Bringt mir meine deutsche Nachbarin eine Tüte voll selbstgezüchtete Tomaten. Habe ich mich richtig drüber gefreut. Sagt sie: ” Der Kleine ist besser geworden mit seinem Schlagzeugspiel.” Ja, das ist er auch. Lustig, dass sie und ihr Mann es auch bemerkt haben. Nein, das war keine Anspielung von ihr auf die Lautstärke. Sie können es zwar hören, aber er spielt weder täglich, noch stundenlang und außerdem haben sie mehrere Male gesagt, es würde sie überhaupt nicht stören. Sind ohnehin beide etwas schwerhörig. Schätze mal weit in den siebzigern, die beiden. Und dann guckt sie mich an und sagt aus heiterem Himmel: ” Gut siehst du aus.” Worüber ich sehr überrascht war, mich aber dennoch gefreut habe. Vor allem, weil ich das Gefühl habe ich trage ewig die selben Klamotten, meine Haut über Nacht schlaffer wird und von den Haaren red ich jetzt mal gar nicht.
Was mich zu Marcos Erlebnis bringt. Der musste zu Centrelink und meinen alten Reisepass mitnehmen, weil darin noch unser Visa war. Der Pass ist inzwischen ungültig, das Foto darin schwarzweiß und ich mit langen wallewalle Haaren und ca. 28 Jahre alt. Sagt der Shri Lankan Typ, der ihn bedient hat, zu ihm: “Your mum is really pretty.” Marco war sprachlos, ich hab herzhaft gelacht (und mich natürlich diebisch gefreut, weil ich ja sonst wenig Freude habe und wenn man so wie ich unters älterwerden leidet, dann nimmt man die Komplimente schamlos, wie sie kommen – ja ich weiß – ich bin richtig shallow). Meinte Marco zu mir, er hätte sich nur gedacht…eye dude, du sprichst hier von meiner Mutter! Ist das nicht typisch für “Kinder”? Für Marco und natürlich für Jaime, bin ich nicht Frau, ich bin MUTTER. Geschlechtslos, anspruchslos, allzeit bereit alles stehen und liegen zu lassen und beim suchen zur Hilfe zu eilen und so ein bla.
Ich dachte mir nur, mmh ziemlich unangemessen von dem Mitarbeiter des öffentlichen Dienstes so eine Bemerkung zu machen, das gehört sich so einfach nicht.
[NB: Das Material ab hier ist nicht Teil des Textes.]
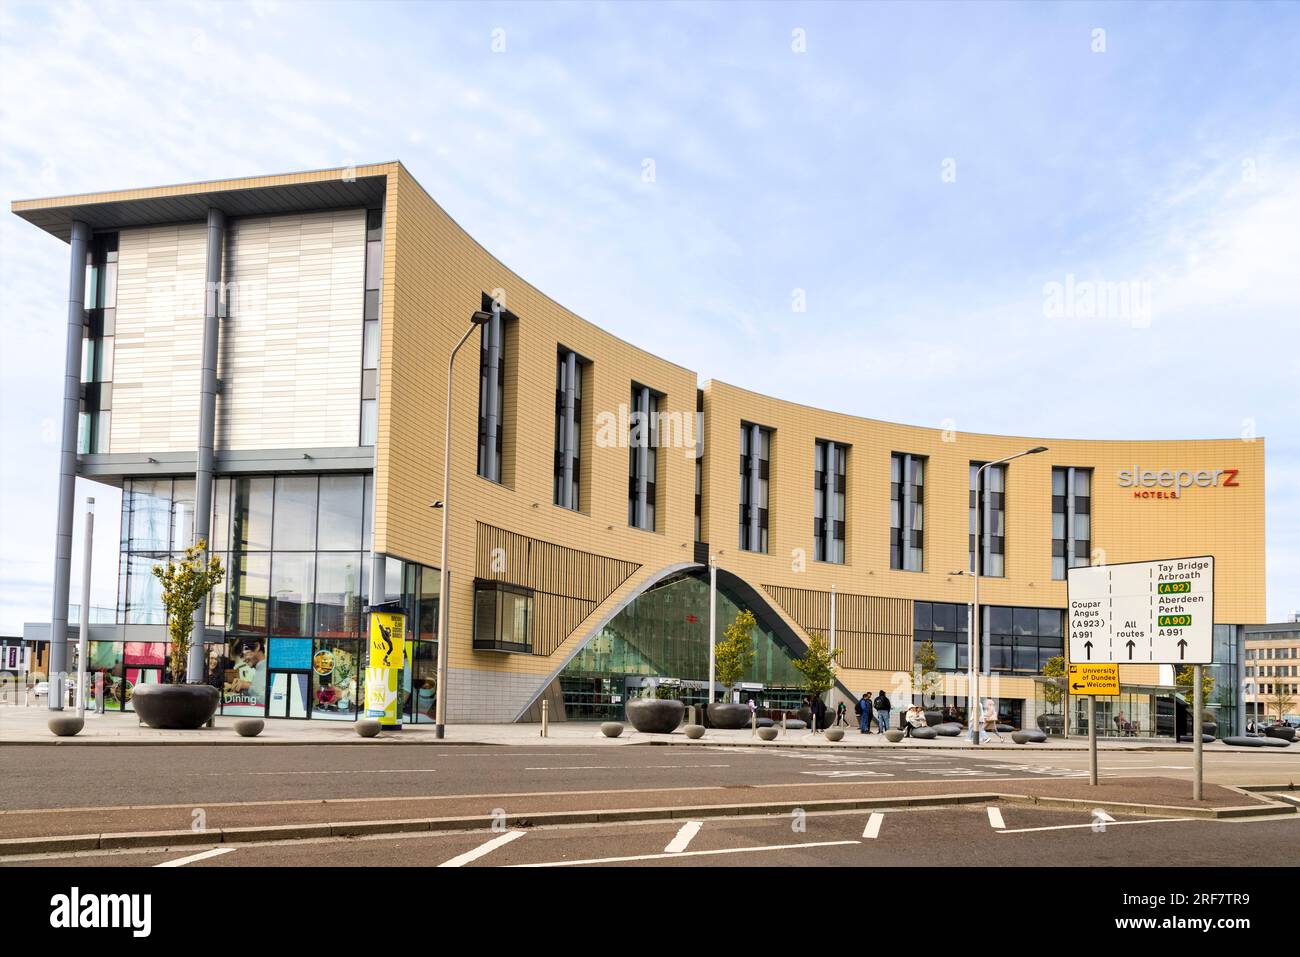 17 September 2022: Dundee, Scotland - The railway station and the SleeperZ Hotel, which was built in 2018 and replaced the old station as part of the Stock Photo

Kommt wieder die Deutsche in mir hoch. Aber egal. Tatsache ist, mein Hintern scheint auch über Nacht breiter zu werden, der Rest meines Körper lässt nach, ich finde mich nicht pretty. Und mein Zahnarzt kann sich vermutlich bald ein neues Auto von meiner nächsten Behandlung leisten. Ach so ja…mmh…vielleicht findet der Typ mich beinahe 15 Jahre später – also in Echtzeit – auch nicht mehr so prickelnd. Was mir herzlich egal ist.
Manchmal stehe ich vor dem Spiegel und denk mir…unter der Haut ist nix anderes als Knochen, Muskeln und Nerven. Dir guckt jetzt ein Skelett entgegen. Komisches Gefühl. Das sind oft die Momente, in denen sich alles relativiert. Mit anderen Worten – nix wird so heiß gegessen, wie es gekocht wird. In diesem Sinne schicke ich euch mit ein bisschen human touch ins Wochenende. Und denkt einfach dran, mal wieder nett zu euren Mitmenschen zu sein. Oft ist es so – obwohl ich mich seit Jahren wirklich bemühe, wenn ich Kritik üben muss, zunächst etwas freundliches zu sagen, dass einem negatives schneller, leichter, fließender über die Lippen kommt. Aber ganz ehrlich, ein Lob, ein Kompliment auszusprechen, ist so schwer nicht und erhellt den Tag des Empfängers. Ende der Predigt. Schönes Wochenende.